Even Senate Majority Leader Mitch McConnell is shifting the blame to Donald Trump for the lengthening partial government shutdown.
McConnell isn't saying it quite that bluntly, of course. He is a politician, after all.
But the meaning is plain enough:
"I've made it clear on several occasions, and let me say it again: The Senate will not take up any proposal that does not have a real chance of passing this chamber AND getting a presidential signature," he said. The emphasis on that 'and' was McConnell's, and it offers an unmistakable signal.
Then the majority leader dished on Democrats: "Let's not waste the time. Let's not get off on the wrong foot, with House Democrats using their new platform to produce political statements rather than serious solutions."
Of McConnell's own "political statement," Senate Minority Leader Chuck Schumer, D-New York, suggested McConnell should jump on it.

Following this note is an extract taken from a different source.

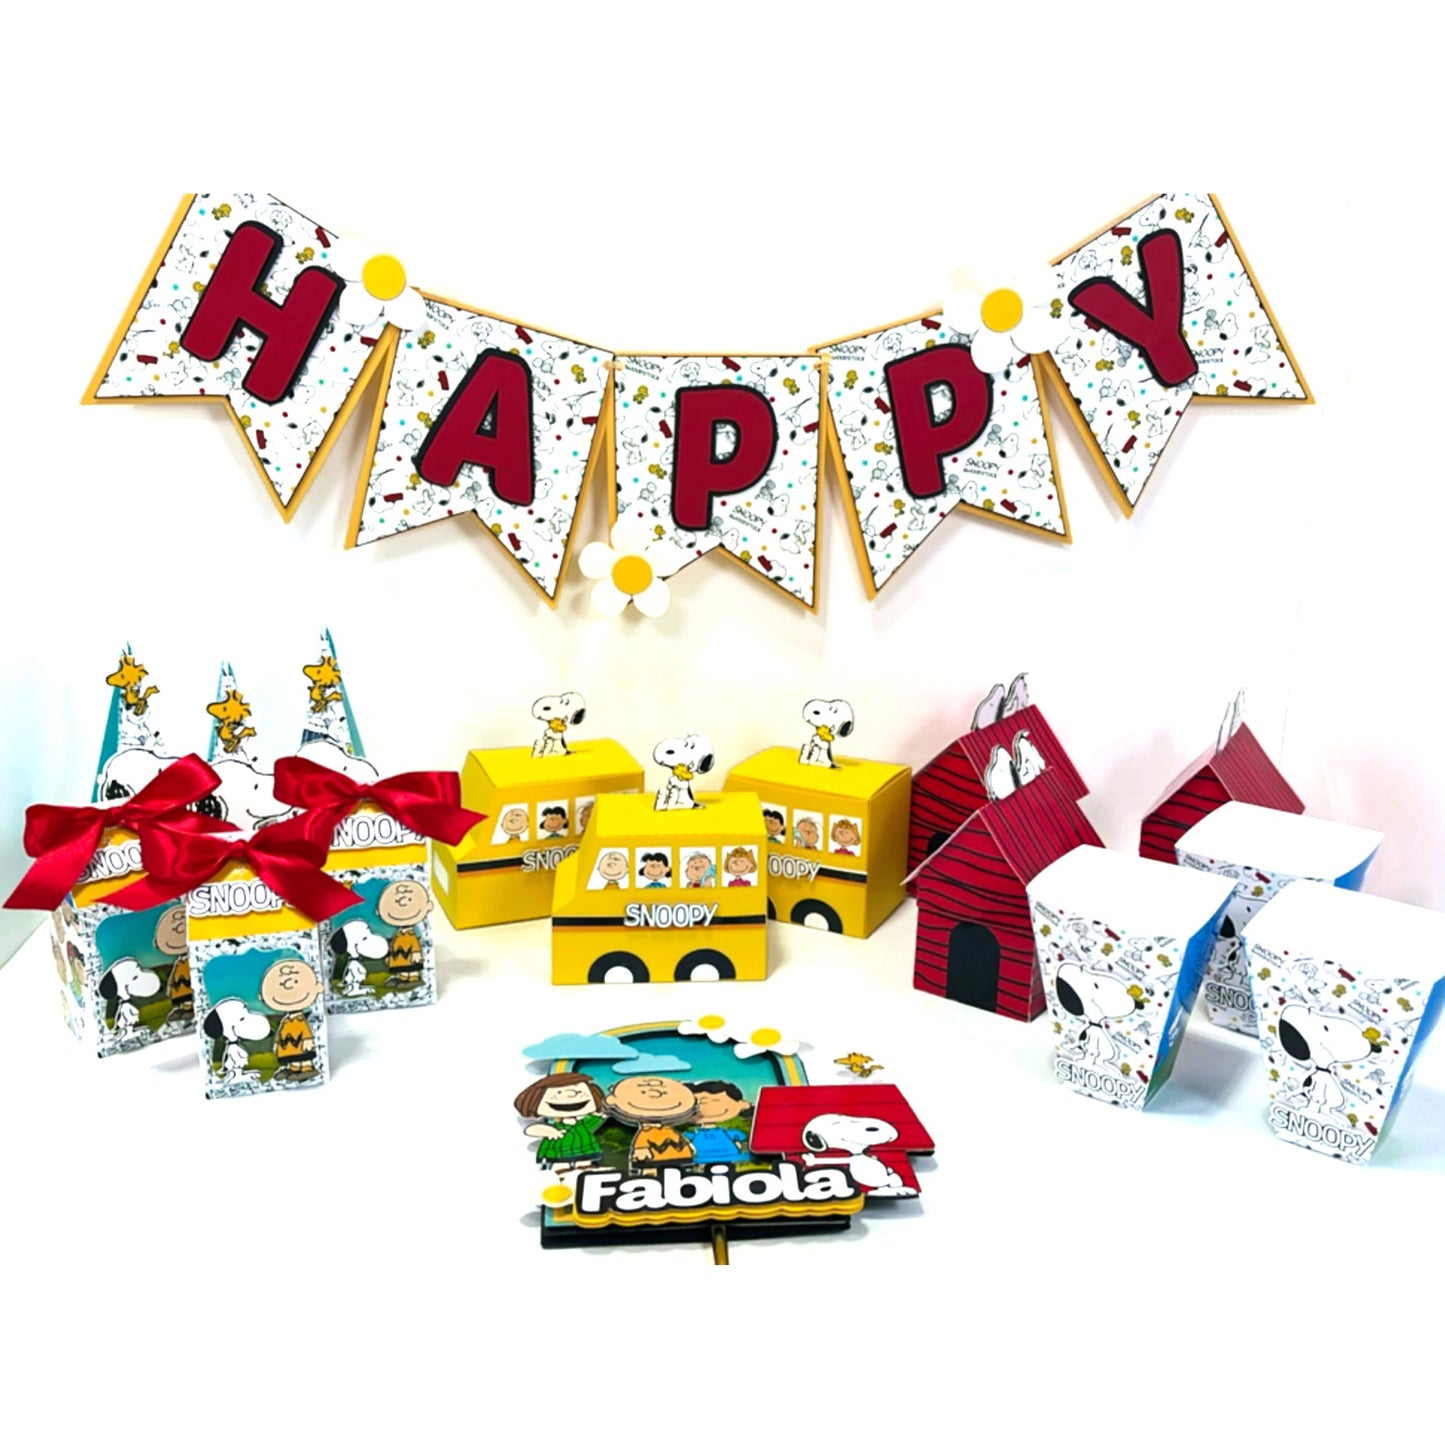 Snoopy Charlie brown peanuts Kit Party decor

"The power to end the shutdown is in two people's hands: Donald Trump and Mitch McConnell," Schumer said. "Either one of them could end the shutdown. They both should try."

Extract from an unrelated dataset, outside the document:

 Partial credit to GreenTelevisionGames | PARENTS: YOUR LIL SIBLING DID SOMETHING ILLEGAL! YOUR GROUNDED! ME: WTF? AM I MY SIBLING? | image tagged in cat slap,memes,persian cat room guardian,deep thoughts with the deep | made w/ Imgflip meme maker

Sadly the repartee and blame game won't buy groceries for the more than 800,000 furloughed or working-without-pay federal workers across the country.
Democrats wasted no time as Congress reconvened Thursday, passing a package of bills to end the shutdown by temporarily funding the Department of Homeland Security at current levels with $1.3 billion for border security. Though that is far from the $5 billion plus Trump wants for his "wall," the House package essentially mirrors the temporary funding bills passed by the Senate on a voice vote last month.
Yet McConnell says he won't won't bring the bills forward. Rather, he'll hold them hostage to give the president cover. And the president on Friday threatened Democrats that the shutdown could last "months or even years."
Not all Republicans are good with that.
"I'm not saying their whole plan is a valid plan, but I see no reason why the bills that are ready to go, and on which we've achieved an agreement, should be held hostage to this debate over border security," said Sen. Susan Collins, R-Maine.
Tennessee's Sen. Lamar Alexander offered three ideas for compromise to end the shutdown, including going "really big" on the underlying dispute by "creating a legal immigration system that secures our borders and defines legal status for those already here."
Alexander, in an op-ed column published Wednesday in the Washington Post, noted that in 2013, 68 senators — and all 54 Democrats — voted for that "really big" option that included more than $40 billion and many other provisions to secure our borders. The GOP-controlled House refused to take it up.
Alexander's other two options were to "go small" and give the president the $1.6 billion he asked for in this year's budget request, which the bipartisan Senate Appropriations Committee approved, and provide an additional $1 billion to improve border security at ports of entry, which he says everyone concedes is needed.
Alexander's third option was a middle-ground approach: "Pass the bill that 54 senators voted for last February, which combined a solution for children brought to the United States illegally (Deferred Action for Childhood Arrivals, or DACA) and $25 billion in appropriated funding for border security over 10 years. The bill failed [in February] only because of last-minute White House opposition."
Alexander was kind to the president in that comment. Trump backed out at the last minute — a move many believed the president thought would help him in elections: He would use the missing wall against Democrats. So much for that idea.
Sen. Lindsey Graham, R-South Carolina, also has floated a DACA/wall compromise. But Graham is almost as wishy-washy as Trump. On Wednesday, Graham told Fox's Sean Hannity that if Trump "gives in now, that's the end of 2019 in terms of him being an effective president. ... That's probably the end of his presidency. Donald Trump has made a promise to the American people: He's going to secure our border."
Last month, the same Lindsey Graham said that Trump's wall was a "metaphorical" wall.
We get it: We taxpayers will pay "metaphorical" dollars for that "metaphorical" wall that Mexico was "metaphorically" going to pay for.